Ypl066w functions with Tus1

Tus1 and Ypl066w proteins are found in the same complex (Benschop et al., 2010). Indeed, tus1Δ and ypl066wΔ mutant cells share very similar microarray expression profiles, consistent with a shared role (Benschop et al., 2010). Supporting this view, we found that ypl066wΔ mutants, similar to tus1Δ mutants, displayed high, rather than low, Rlm1–lacZ reporter activity, indicating elevated Rho1–Pkc1 pathway activity (supplementary material Fig. S4B). Moreover, double mutant cells lacking both YPL066w and TUS1 were viable and did not display any synthetic phenotypes (supplementary material Table S3). Furthermore, although overexpression of TUS1 lowered Rlm1–lacZ activity in otherwise wild-type cells (see above), overexpression did not affect reporter activity in an ypl066wΔ mutant (supplementary material Fig. S4B). We conclude that Ypl066w functions with Tus1.

Localisation of Rom2 is dependent on Ack1

We tested whether the localisation of Rom2 or Tus1 is altered in ack1Δ mutant cells. All localisation of Rom2–GFP to the bud neck was completely lost in the absence of Ack1 (Fig. 5B,C). Additionally, a reduced proportion of ack1Δ cells with a single spindle pole body (typically small-budded cells) successfully localised Rom2–GFP to the bud cortex (Fig. 5E), and, when it occurred, the signal intensity was dramatically (4.3-times) weaker compared with wild-type cells (Fig. 5D). Bud-surface localisation was also less persistent in the mutant and was already lost in cells with a short bipolar spindle (medium-sized bud) (Fig. 5E). The localisation of Rom2–GFP is thus profoundly dependent on Ack1. By contrast, the localisation of Tus1–GFP was unaffected by the absence of Ack1 (supplementary material Fig.

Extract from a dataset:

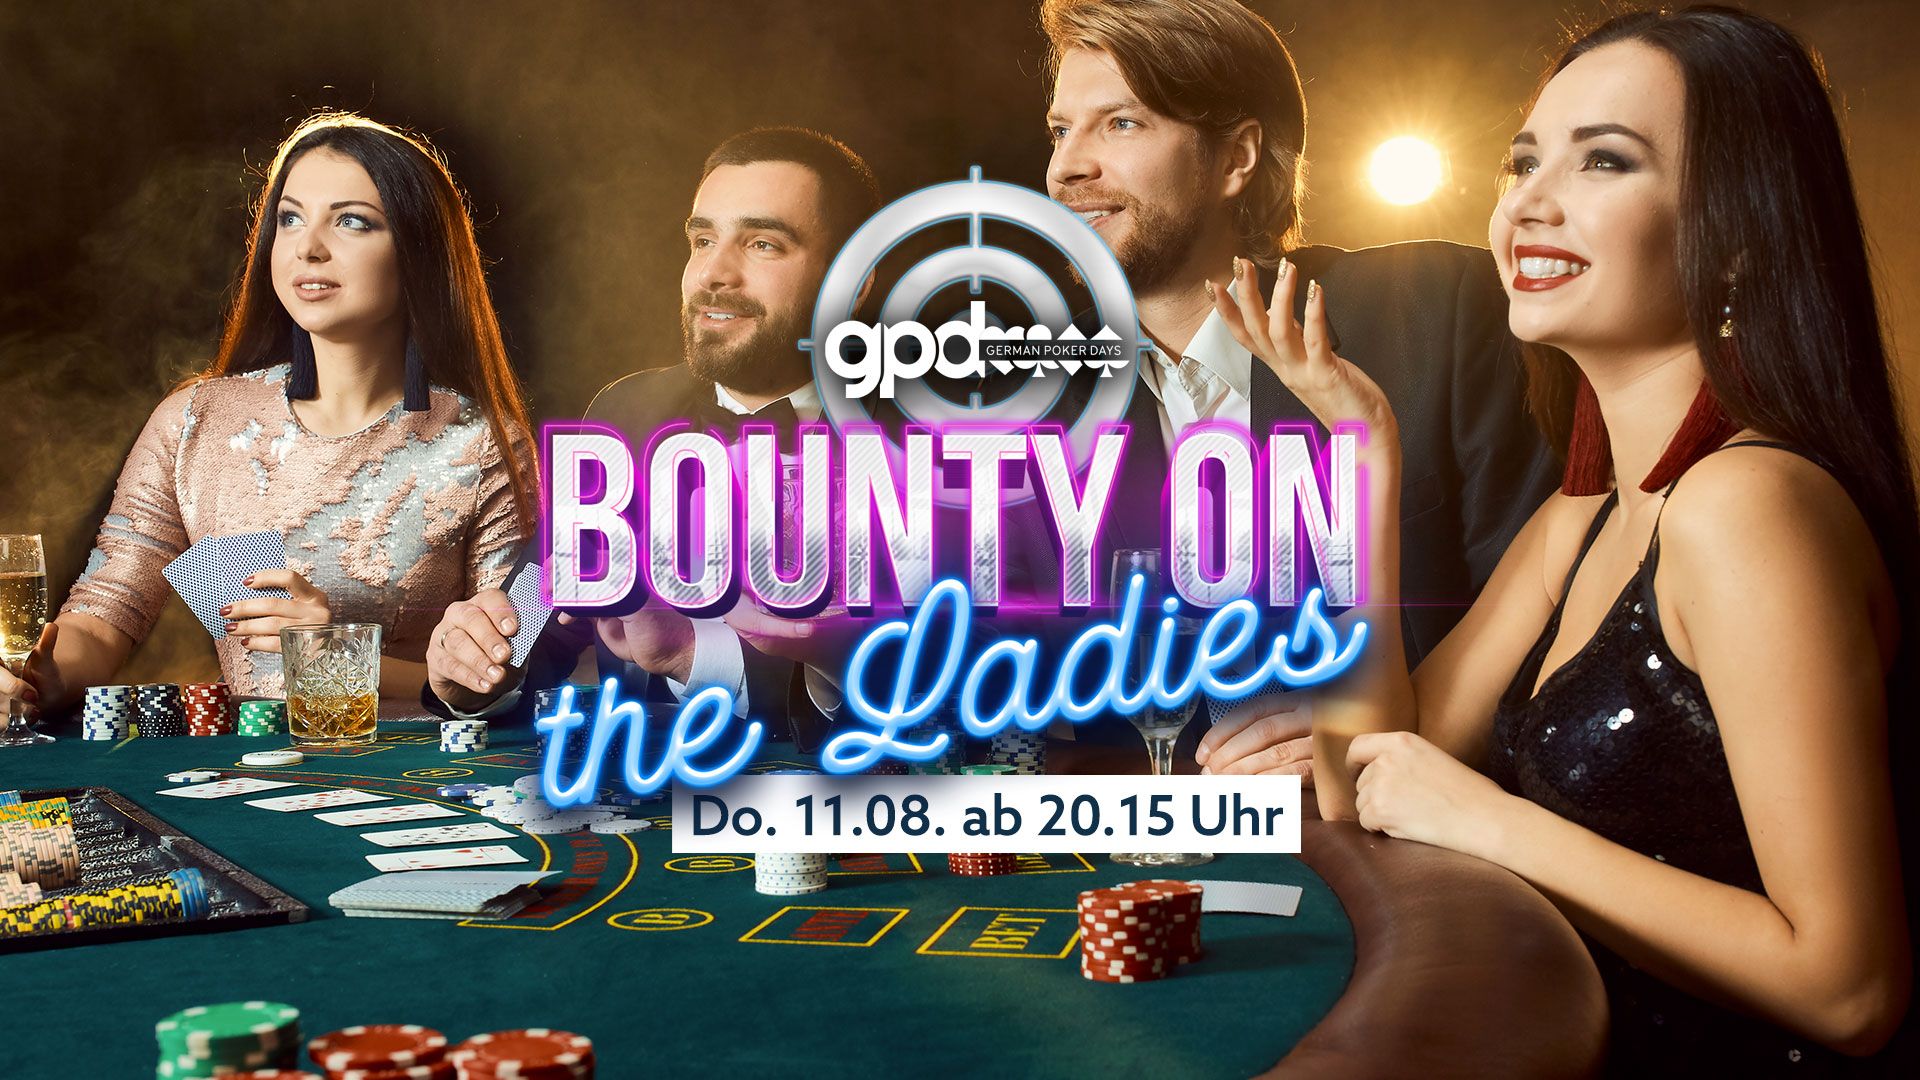 Bounty on the Ladies 700€ Added I Donnerstag 11.08.2022

S5). Ack1 is thus selectively required to localise Rom2 and not Tus1.

It is possible that the ack1Δ mutation affects Rom2–GFP localisation indirectly by reducing the overall amount of the protein in the cell. However, we can rule this possibility out because the absence of Ack1 did not cause a decrease in the steady state level of Rom2–13Myc or Tus1–13Myc as assayed by western blotting of whole-cell protein extracts (supplementary material Fig. S7). In conclusion, Ack1 behaves as a cofactor that is absolutely required to localise Rom2 (but not Tus1) to the bud neck at cytokinesis. The protein is also required for efficient localisation of Rom2 to the bud cortex earlier in the cell cycle.

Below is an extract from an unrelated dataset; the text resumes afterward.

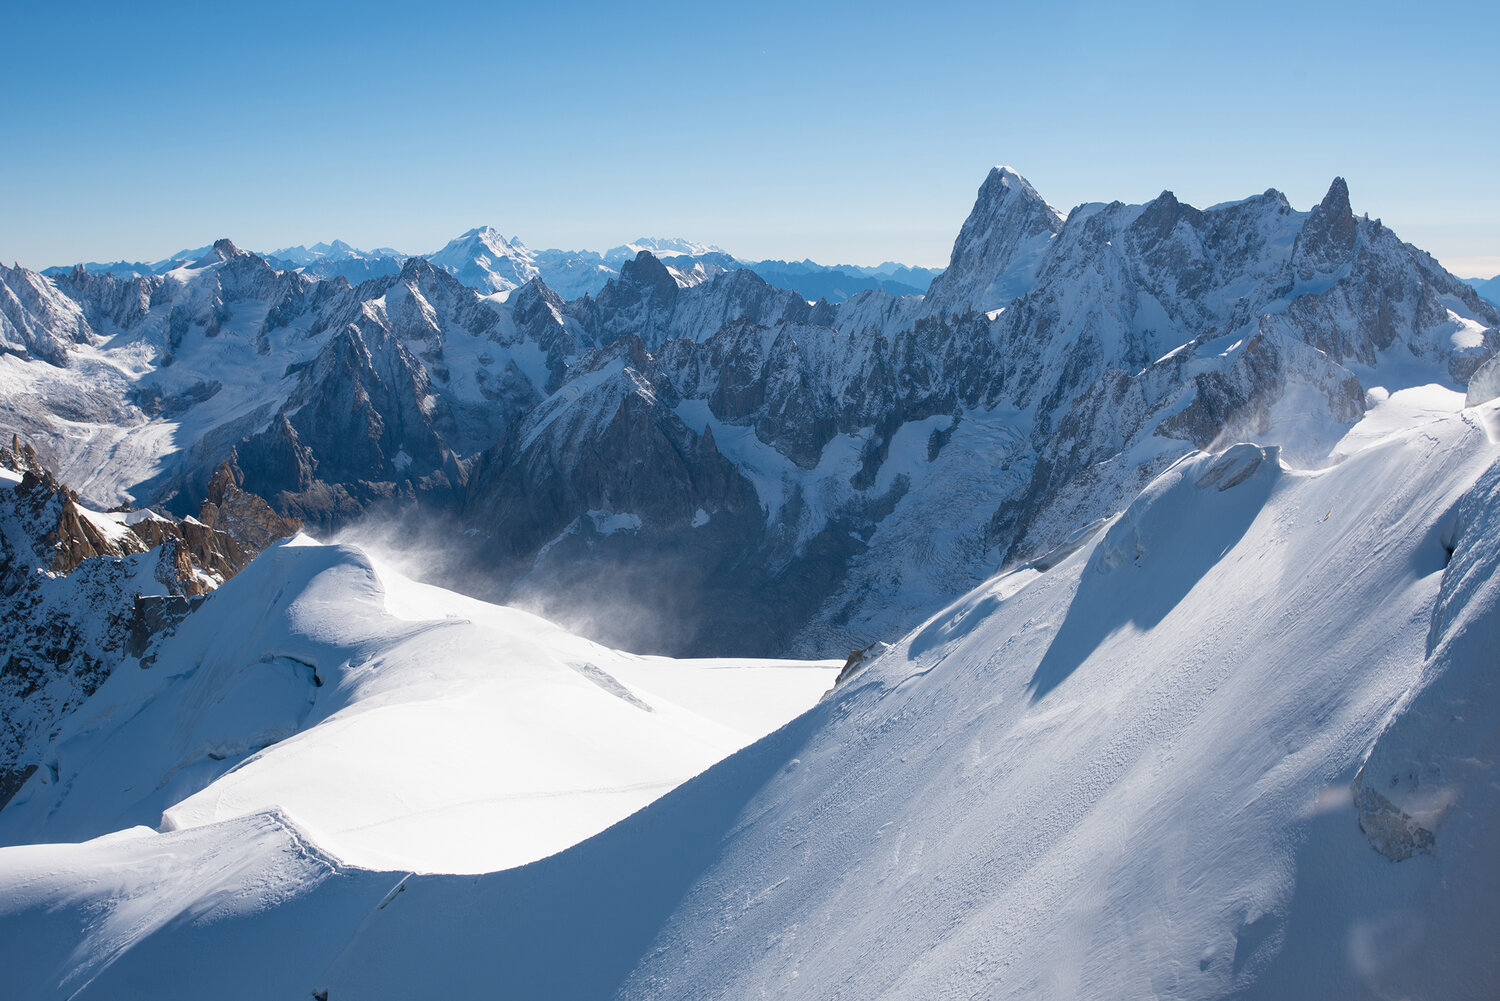 Luxury Chamonix Ski Snowboard Tour Fully Custom French Alps Skiing With Luxury Chalets The Cat The Peacock Distinctive Travel For Curious People

Localisation of Tus1 is dependent on Ypl066w/Rgl1

We tested if the localisation of Tus1 or Rom2 is altered in a ypl066wΔ mutant (Fig. 4). Tus1–GFP failed to localise efficiently to the bud neck at late anaphase [1% of anaphase ypl066wΔ cells (n=109) displayed a fluorescent signal at the bud neck, compared with 9% (n=105) in wild type]. Following spindle breakdown in the ypl066wΔ mutant, Tus1–GFP localised to the bud neck as a ring that underwent contraction (Fig. 4B,C), but the fluorescent signal intensity was drastically reduced (5.7-times) in comparison with wild-type cells (Fig. 4D). Moreover, the second phase of ring localisation was completely lost in the absence of Ypl066w (i.e. no split rings or signals at cell separation were detected; see Fig. 4C). This failure to detect a second wave of localisation might indicate failure of this second phase in the mutant or it might be a consequence of reduced signal intensity, bringing the signal below our limit of detection.

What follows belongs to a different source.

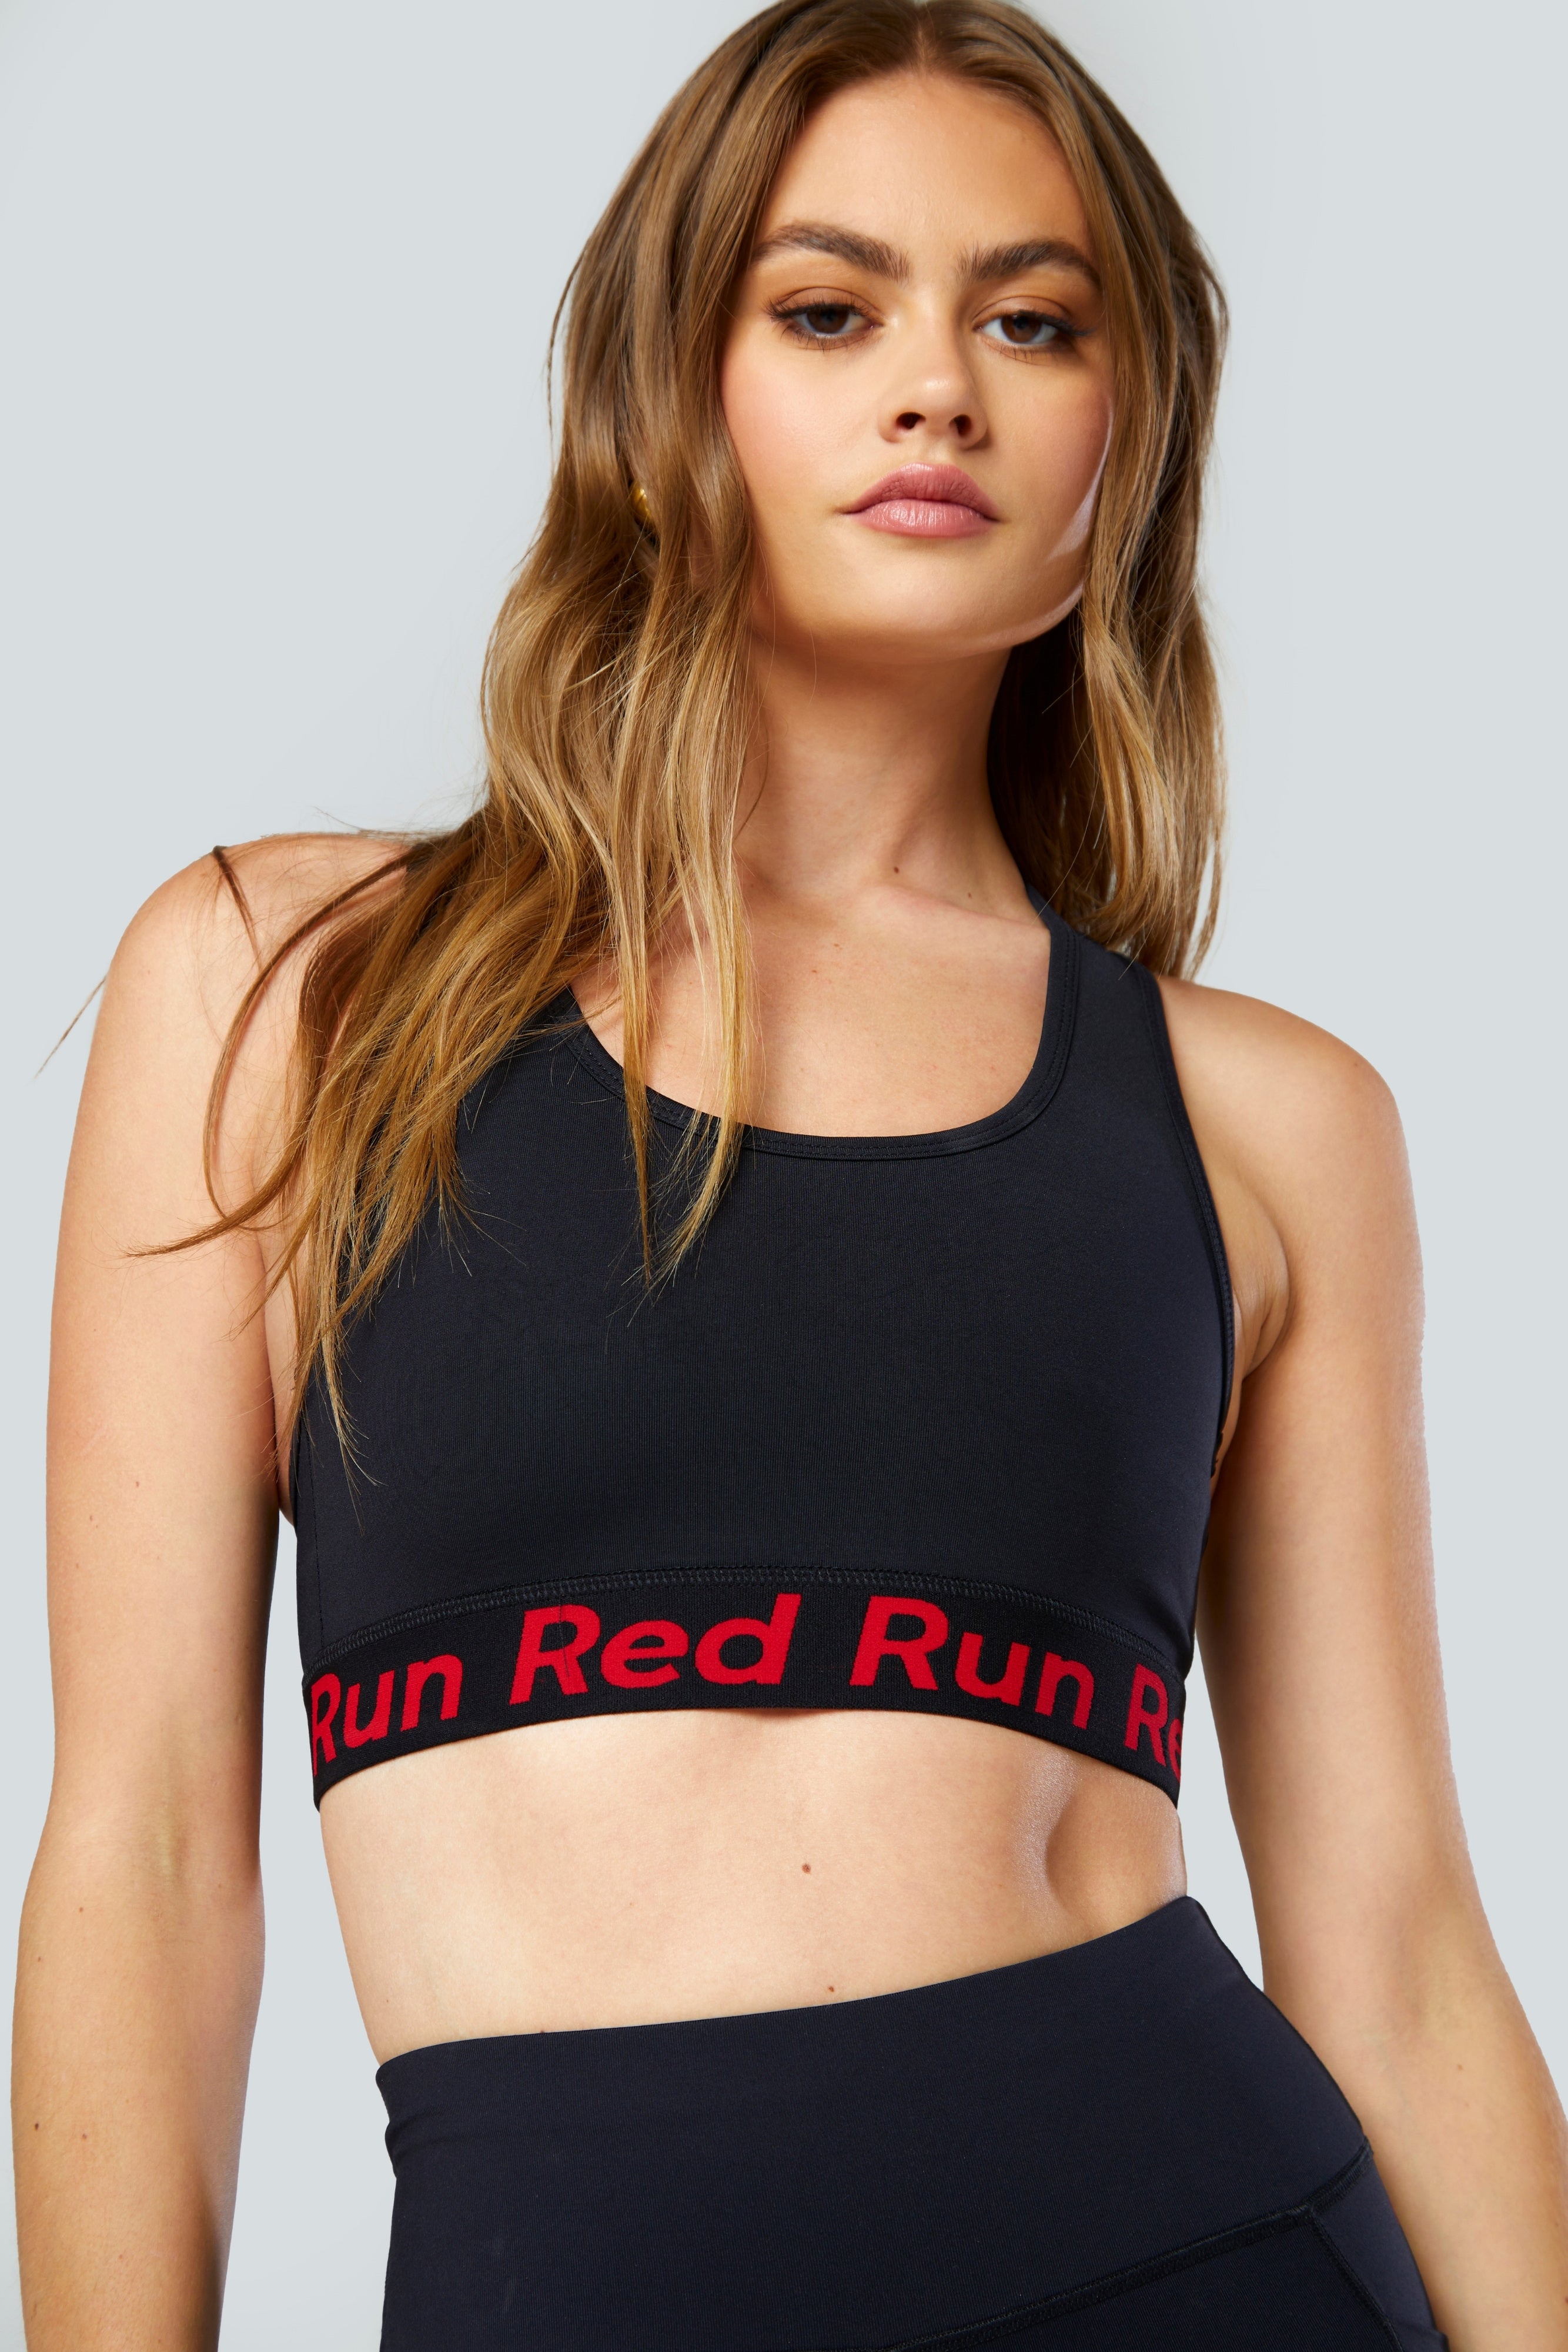 Sports Bra Top - Inky collection

Localisation of Rom2–GFP was essentially normal in the ypl066wΔ mutant cells. There were subtle changes in the distribution of Rom2–GFP localisations at cytokinesis, but these are likely to be secondary consequences of a subtle effect of the mutation on cytokinesis itself (supplementary material Fig. S6). Ypl066w thus appears to be selectively required for the proper localisation of Tus1, but not Rom2.

We investigated whether the severe reduction in intensity of Tus1–GFP localisation in the ypl066wΔ mutant was due to a profound reduction in the steady state amount of the protein. Western blot analysis of 13Myc-tagged alleles indicated that the steady state level of Tus1 (and indeed that of Rom2) was not affected by loss of Ypl066w (supplementary material Fig. S7). We conclude that Ypl066w is a cofactor that is required for the efficient localisation of Tus1 during all phases of cytokinesis. This is the first known role for this gene product and we therefore name the gene RGL1 (Rho1 GEF localising).


Here, we show that the two principal GEFs for the Rho1 GTPase, Rom2 and Tus1, function very differently: Tus1 cannot perform the essential function of Rom2 (supplementary material Fig. S1A) and the genetic interaction networks around ROM2 and TUS1 are largely distinct (supplementary material Tables S1, S2). Furthermore, we discovered some of the basis for these functional differences. First, the Rho1 GEFs selectively activate different Rho1-effector branches (Figs 1, 2). To our knowledge, this is the first reported evidence of effector specificity by yeast Rho GEFs. Surprisingly, we also found that Tus1 acts as an inhibitor of Rho1–Pkc1 signalling (Fig. 2A,B): an apparently paradoxical role for a Rho1 activator. A profound difference in effector specificity between Rom2 and Tus1 might resolve this paradox. If Tus1 and Rom2 activate distinct subsets of Rho1-effector complexes (as they appear to do), then loss of Tus1 might result in a cellular defect that triggers activation of Rho1–Pkc1 signalling by a signal communicated by the Rom GEFs. Loss of Tus1 could thus activate Rho1–Pkc1 activity. Indeed, Rho1 signalling is known to be under feedback control (reviewed by Levin, 2005) and lack of at least one Rho1 effector branch, Rho1–Bni1, is known to trigger activation of Rho1–Pkc1 activity (Krause et al., 2008). An alternative possibility is that loss of Tus1 simply liberates more Rho1 GTPase to be activated by the Rom GEFs. Such a model does not involve feedback control, but is less parsimonious because loss of Tus1 should then lead to the activation of all Rho1 effector branches, and not just Rho1–Pkc1.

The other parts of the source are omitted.